Легче комнаты проветрить,
где веками прел навоз,
чем убогим этим впетрить,
что разобран паровоз,

что предстали страшной сказкой
поминальные огни
всем, кто вены вскрыл "опаской",
корчевать не в силах пни.

Но зудит вохристым сервам
воскресить засилье тризн,
историческим консервам
подарить вторую жизнь.

*
Текстильщикам, дай бог им здоровья...

"Ткачи, приспешники Арахны…"
Автор неизвестен.

Проулочек трёхгорный, двухуборный
перенас;лен сволочью отборной,
а дух его, тлетворный и соборный,
не тронут пропагандою нагорной.

*
Изобретательный марвихер
воздвиг именьице в Барвихе
на крепостных оглохшем лихе
и самодурстве Салтычихи.

*
Дидактика.

У дедушки в мозгу живут грызушки.
Прозорливый внук.
 Ты – Серёжа, ты не понимаешь…
Где ты был, когда мы Зимний брали,
выяснилось, впрочем, что взаймы.
Ты каким оракулам внимаешь?
Сколько лет вам "бибисейки" врали –
но не мы, представь себе, не мы.

Мы правдивы, как власы Годивы,
как Three D измышленные дивы,
как мерзавцу льстивый некролог.
Разве знает ваше поколенье,
как достались Павлику поленья?
Колька хуже выдумать не смог.

*
И пастыри не пастыри,
и пластыри не пластыри,
в водопроводе кластеры
измышлены вполне.
Сосед, с краев размытенький,
всё мнёт в ладонях митенки,
твердя мотив избитенький:
“Мол, что-то там в вине...”

*
Дедушке Иосифу.

На фоне оспин держишь трубку,
России пористую губку
сожмёшь удавкой портупей.
Сухой рукой проскрипций бритву
оттачиваешь, как молитву
кровавым идолам степей.
Народ перемоловший в крупку,
к величью липнущий репей,
надеюсь, проигравший битву.

*
Ум безвластен, власть безумна,
ветром выщипаны гумна,
полны сенною трухой.
Никаких не хватит сумм на
то, чтоб жить склонить разумно
Митек, бредящих ухой.

*
Какой светильник разума – фугас,
какое скерцо – сизый визг металла.

*
Два валета – не один валет.
(Замечание при игре в рамс).

Два мизерабля - не один мизерабль.
(Разговор в московской подворотне).

Кто мне протянет свой язык
и руки, и желе в глазницах?
Не пассажиром, не возницей
себя я чувствовать привык.

Судьбина родины.
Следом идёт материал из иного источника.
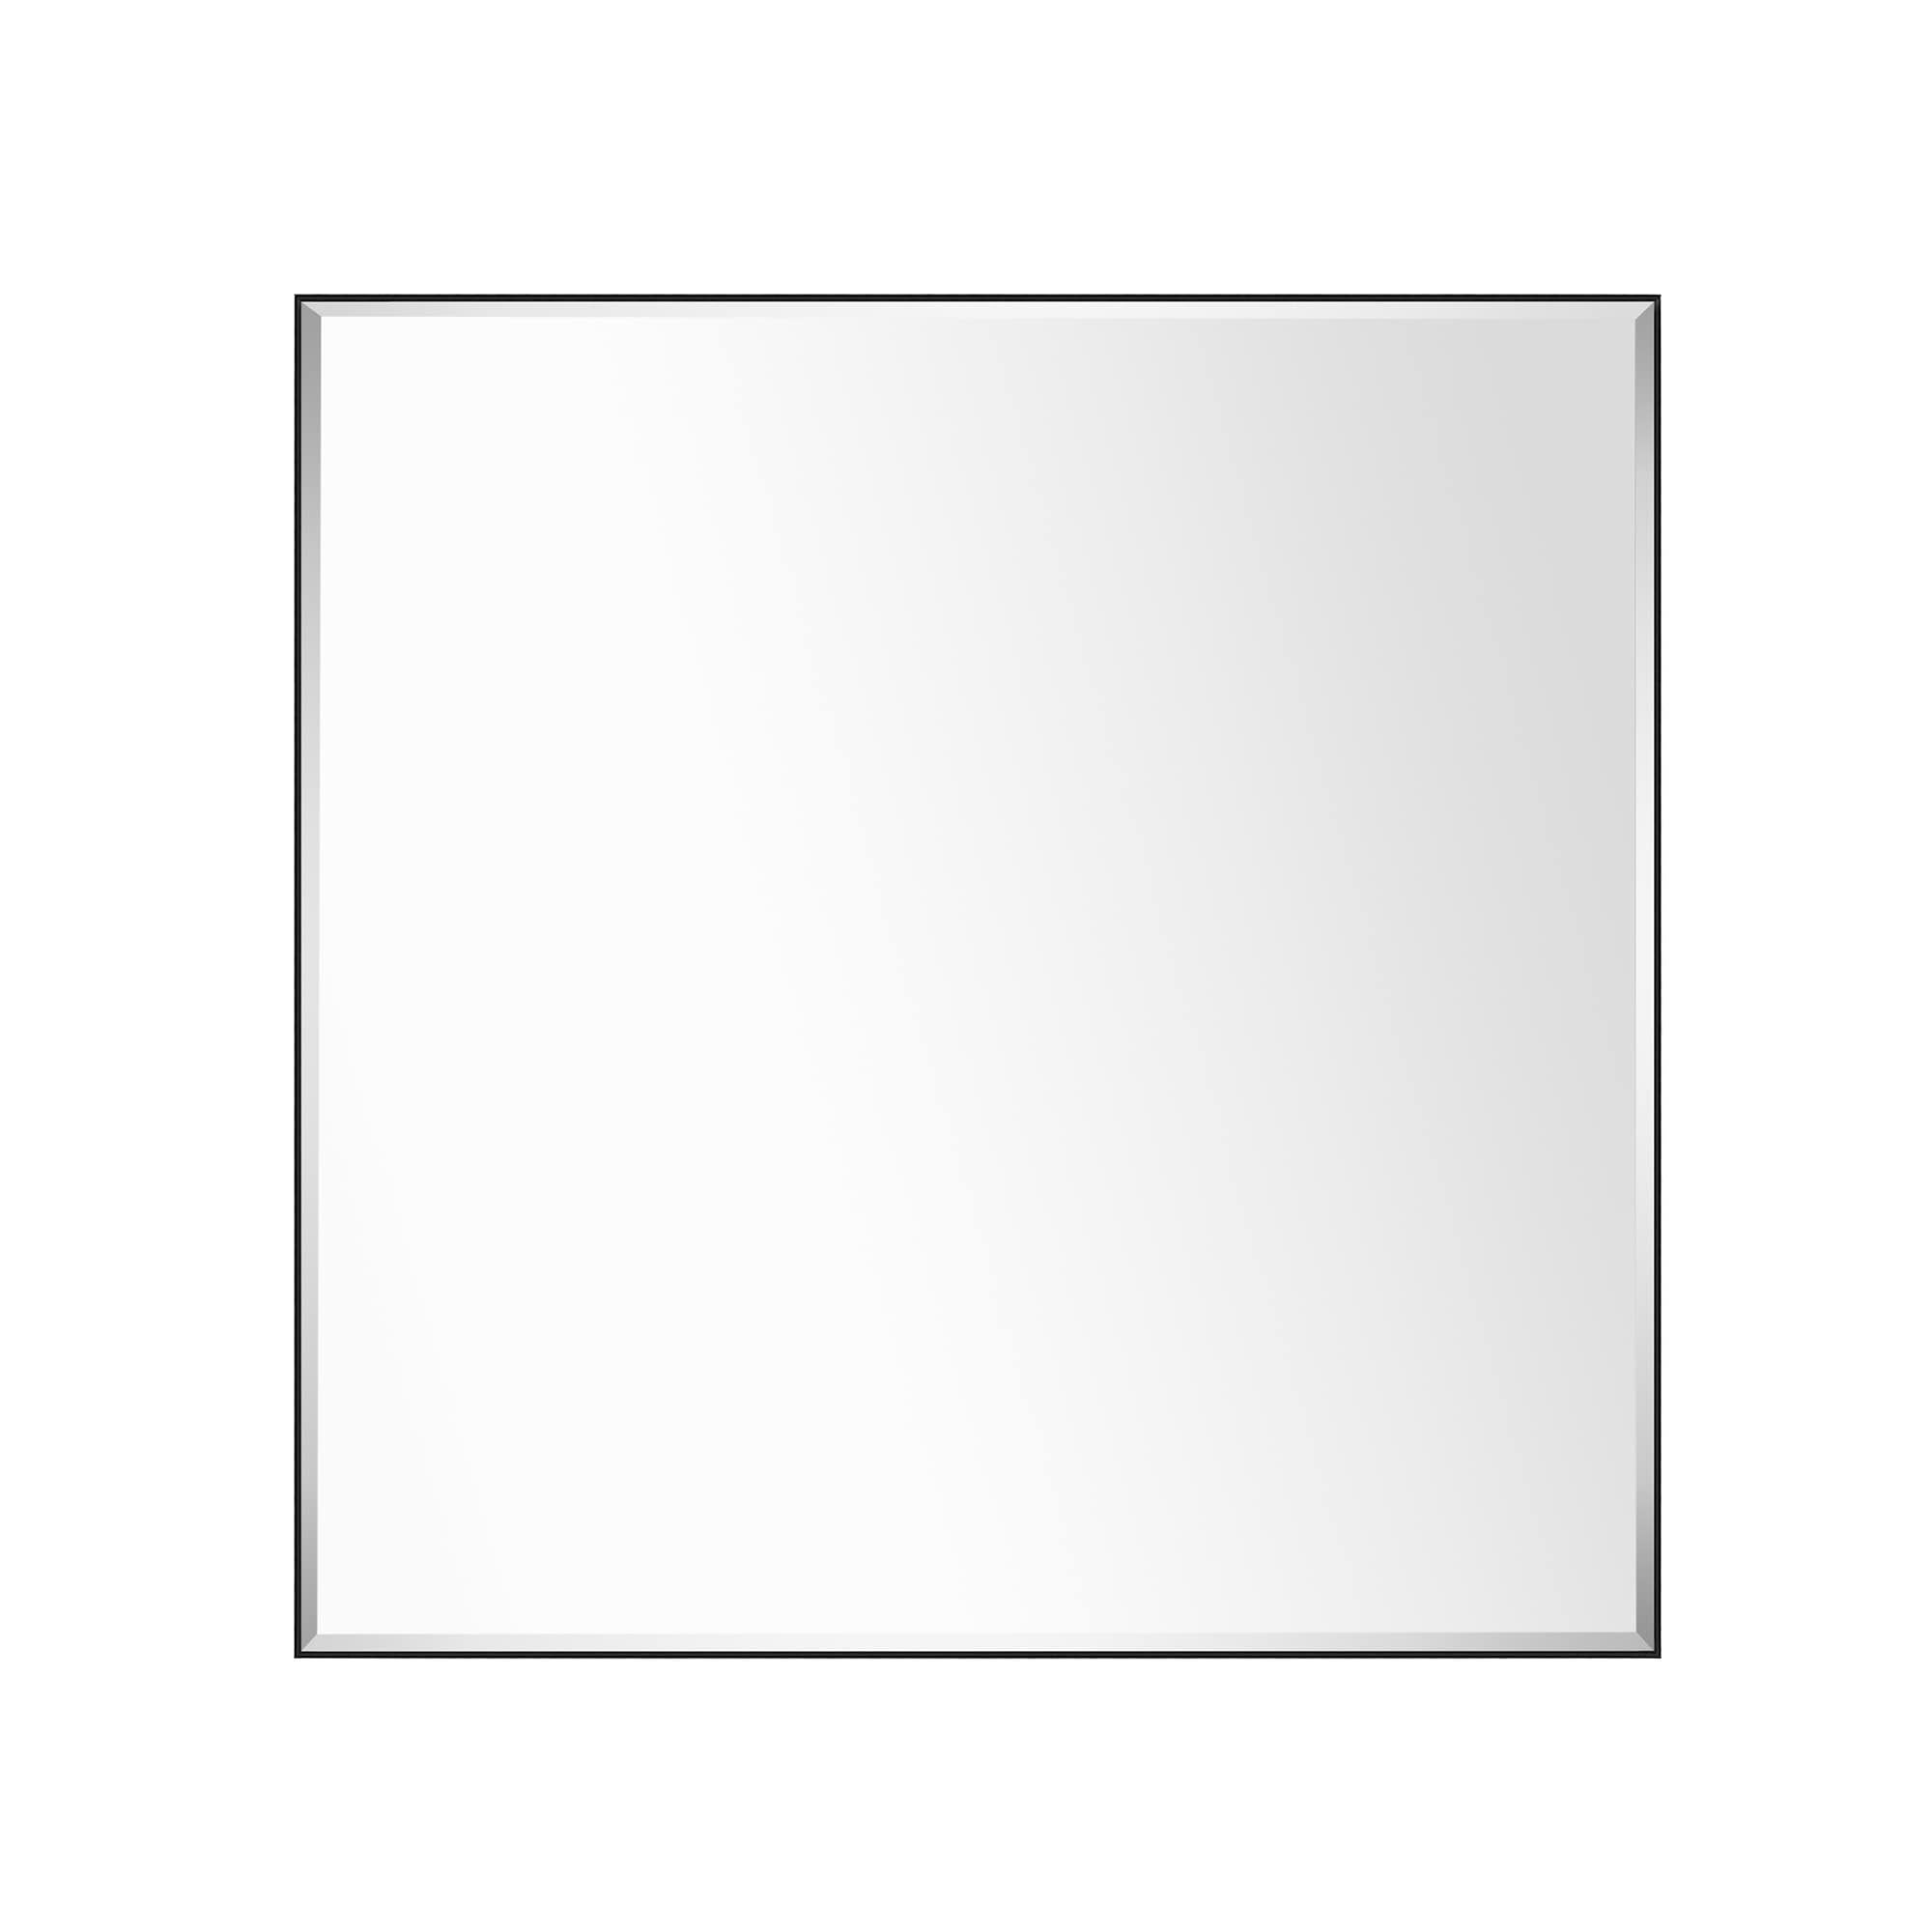 GETLEDEL 36-in x 36-in Black Square Framed Tilting Bathroom Vanity ...

Чернил
сон фиолетовый и росчерк –
из тещи прямиком на площадь
грядёт Макар или Кирилл;

уткнув пяту в плиту глухую,
сверля зрачками сонность лиц,            [...сверяя взглядом?]
юродствует: «Какому хую
мне передать цевьё таблиц?»

Потупив взгляды и порывы,
стеною косной и тупой,
сограждане души нарывы
прикроют плоскою стопой.

Кирилл лизнёт язык Макару,
Макару подмигнет Кирилл;
их двуединства божью кару
повяжет кружево чернил.

*
Когда б очнулся Чаадаев…

"Сезанн пишет то, что видел;
я пишу то, что понял".
Фернан Леже.

           I.

Ленивяулый вяулень,
моржовыжор, лентятюлень,
пауперилость луперкалий,
наглоприлипчивость ракалий,
хамозаискивость шакалий,
гнилоразложенная тлень,
теньюобведенный плетень,
и звень хихилий и хахалий,
шертвоприношенность Валхаллий,
канканкружилая мулень.

              II.

Блевотина, харкотина,
шпицрутеном поротина,
ретиво изворотина,
забитина, запотина,

запитина, заботина,
в на босу ногу ботина,
не кротостью субботина,
со ртом щербатым – Родина.

*
Таблоид.

Нет – про рака в своем Отечестве.
Крупно – срака. И о купечестве.
Трупно – врака о молодечестве
красносракой кремлёвской нечисти.

*
"Есть парни в этрусских селеньях,
жаль, сдохли этруски давно..."
Принятое без доказательств как очевидное.

Рассказывай – я весь
одно сплошное ухо,
но тщательнее взвесь –
“старуха” и “проруха”

рифмуются не зря
в почти ушедшем русском –
ведь новая заря
отправила к этрускам

не только Вову Даля,
но и Sassoon Vidal’я.

*
На Западе немногие живут литературой.
У нас литература немногими живет.
Столкнулся я на суаре с плюсквамперфектной дурой –
по счету – трехсоттысячной; с тех пор болит живот.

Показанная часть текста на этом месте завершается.